Через несколько дней приезжает в Монте-Карло Дягилев... с Эрнстом и Миро, которым он поручил делать декорации для «Ромео и Джульетты», и, увлеч ённый своими новыми друзьями, мало заботится о сезоне, почти не бывает на репетициях и не следит за тем, что происходит вокруг: гораздо более, чем предстоящий балетный сезон, его интересуют дружеские художественные беседы с Эрнстом (давно ему не удавалось вести таких бесед, и он сразу помолодел и оживился!), которые начинались вечером и часто продолжались до пяти часов утра.

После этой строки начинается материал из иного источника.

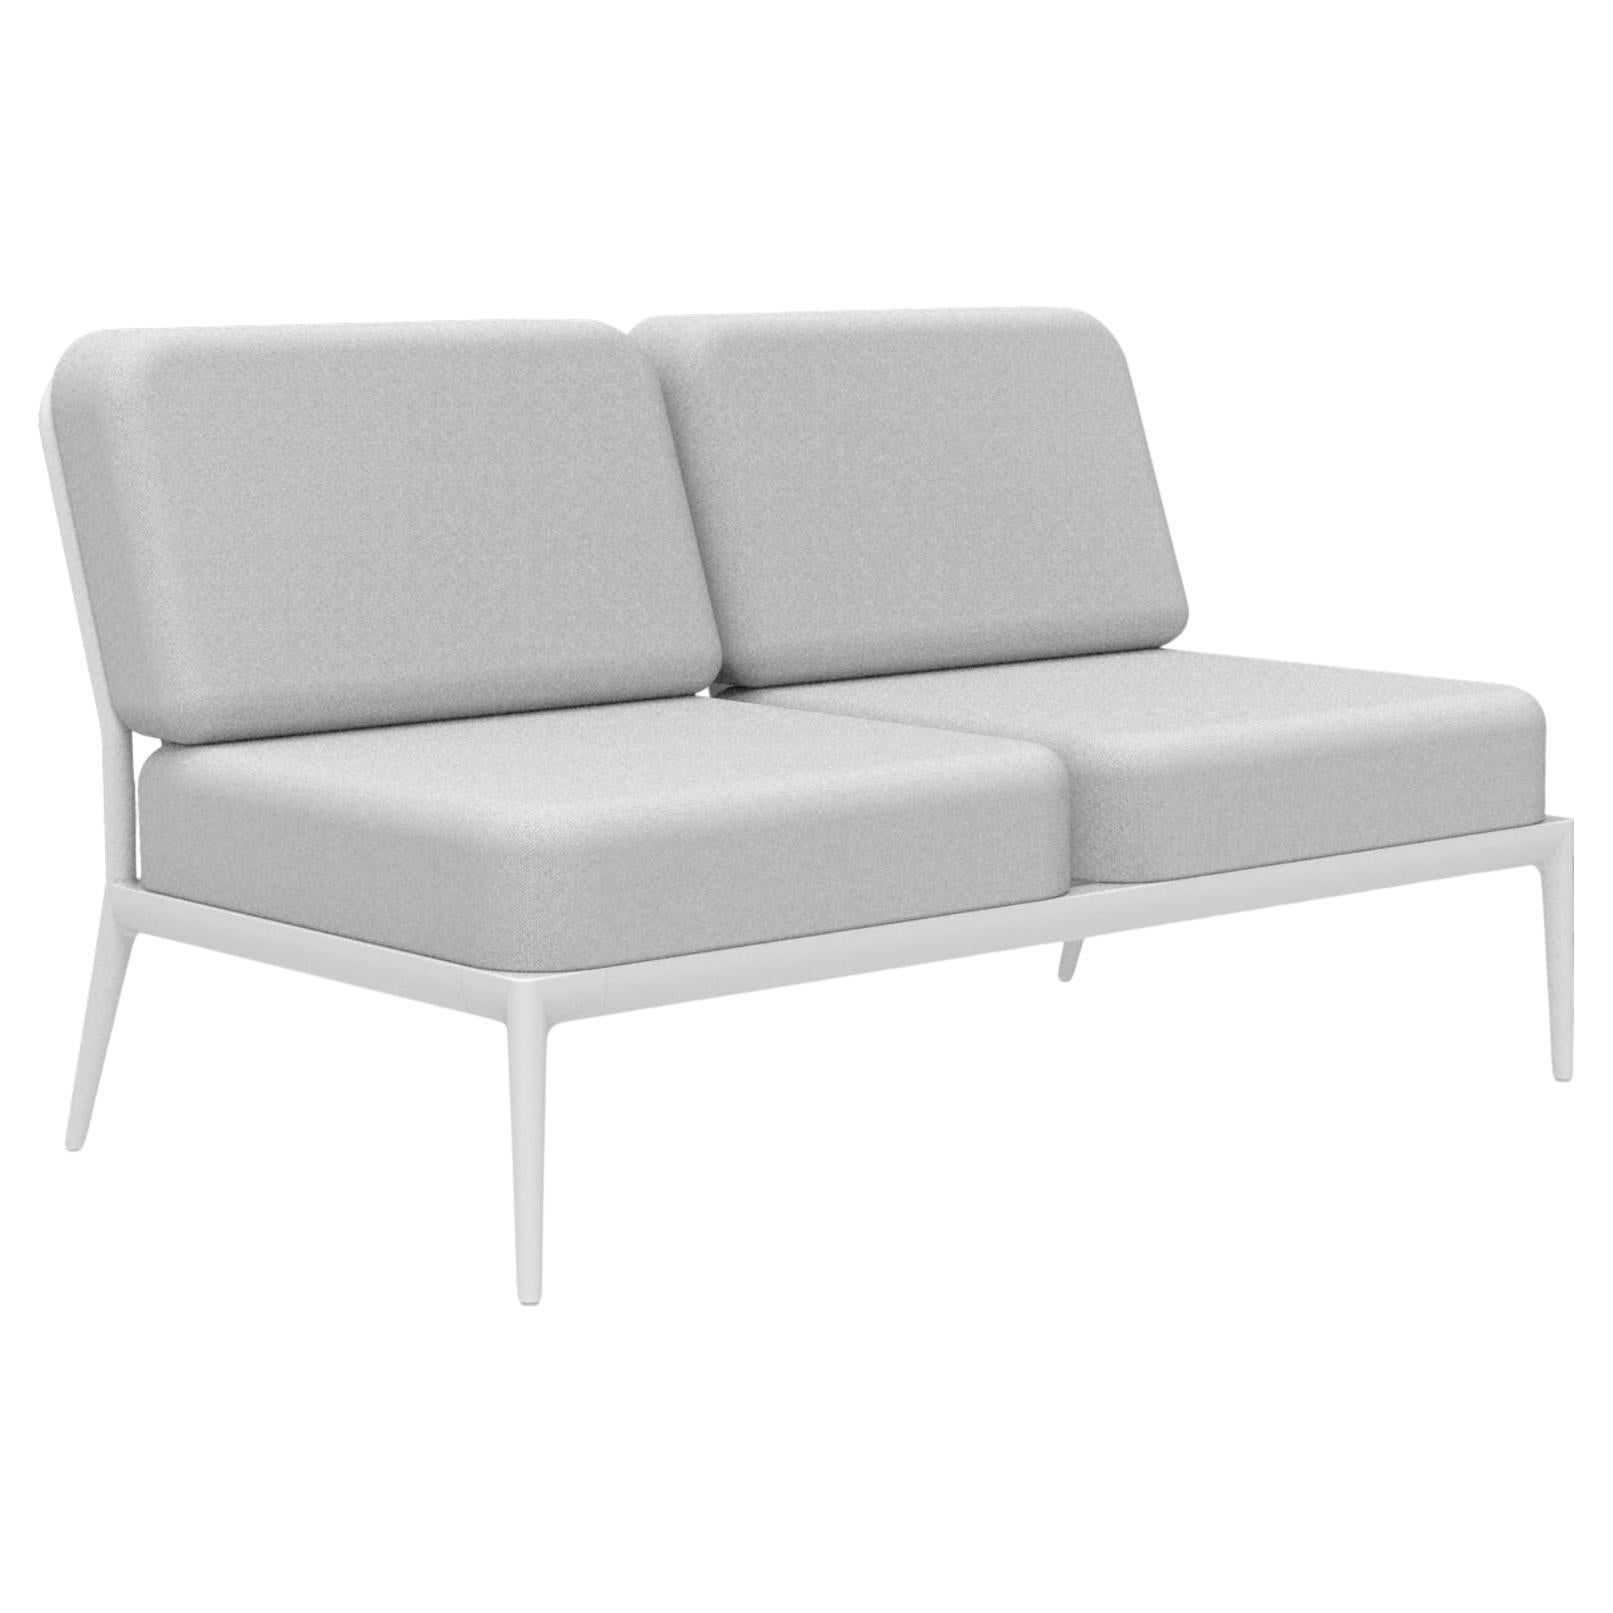 Ribbons White Double Central Modular Sofa by MOWEE For Sale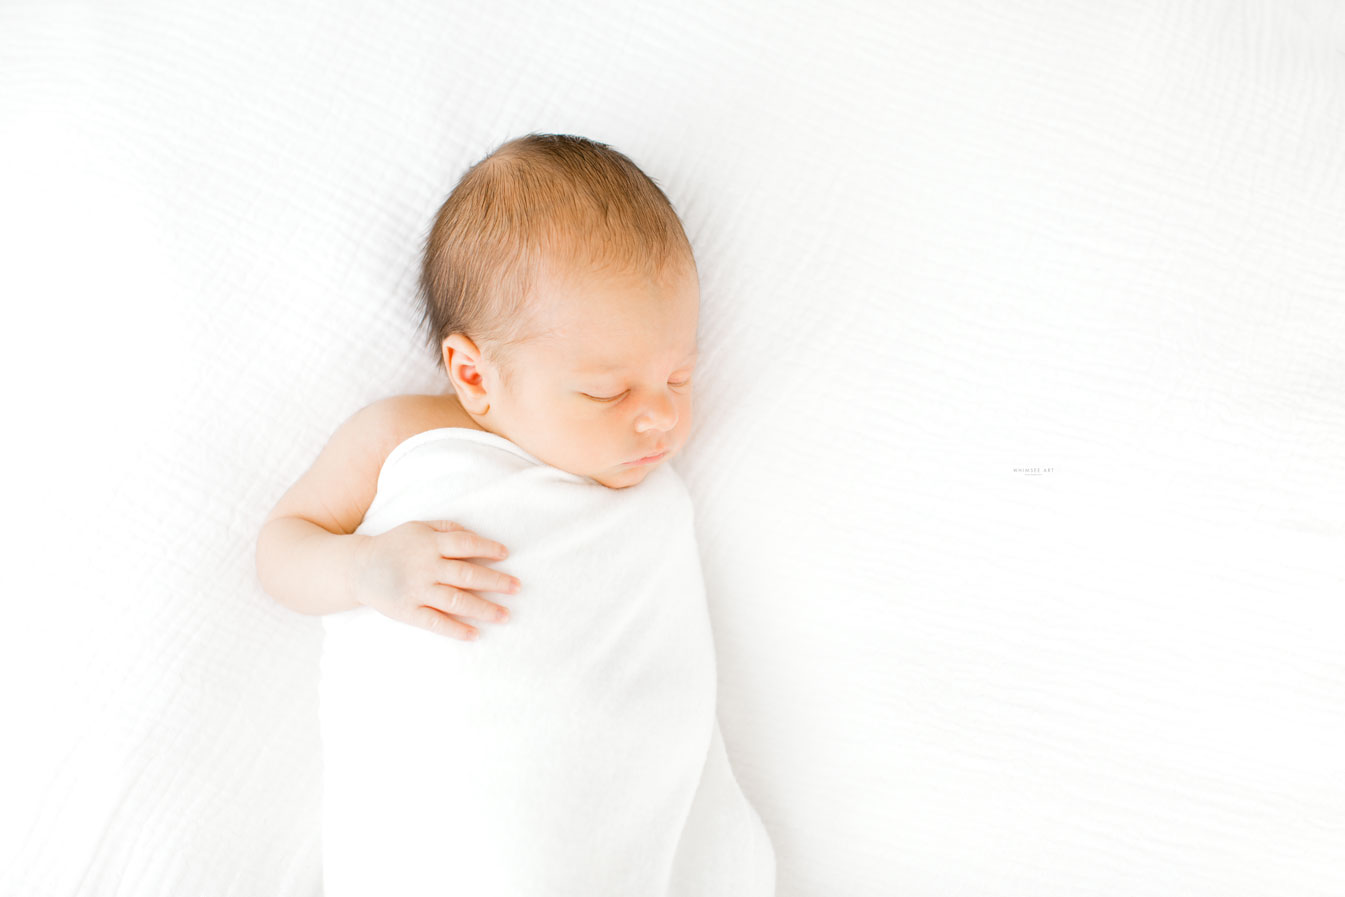 Welcoming Baby Liam and Family | Newborn Session | Whimsee Art Photography

В благодарность за мой совет посмотреть самому сюрреалистов, из Парижа Сергей Павлович привёз мне поразившие его картины Миро и Эрнста и положил этим начало моему собранию картин (так в своё время он составил прекрасную картинную галерею Мясину — в ней были великолепные Матисс, Дерен, Брак и много итальянских футуристов), это моё собрание увеличивалось после каждой премьеры, после каждого праздника.
Начинается монте-карловский слёт, приезжает Карсавина, Нижинская... Нижинская, узнав, что Карсавина и я будем танцевать «Ромео и Джульетту», заявляет:
— Я требую экзамена для господина Лифаря и не могу без экзамена согласиться на то, чтобы он танцевал Ромео.
Я возмутился: как? необходимо экзаменовать первого танцора труппы, как неизвестного «господина»?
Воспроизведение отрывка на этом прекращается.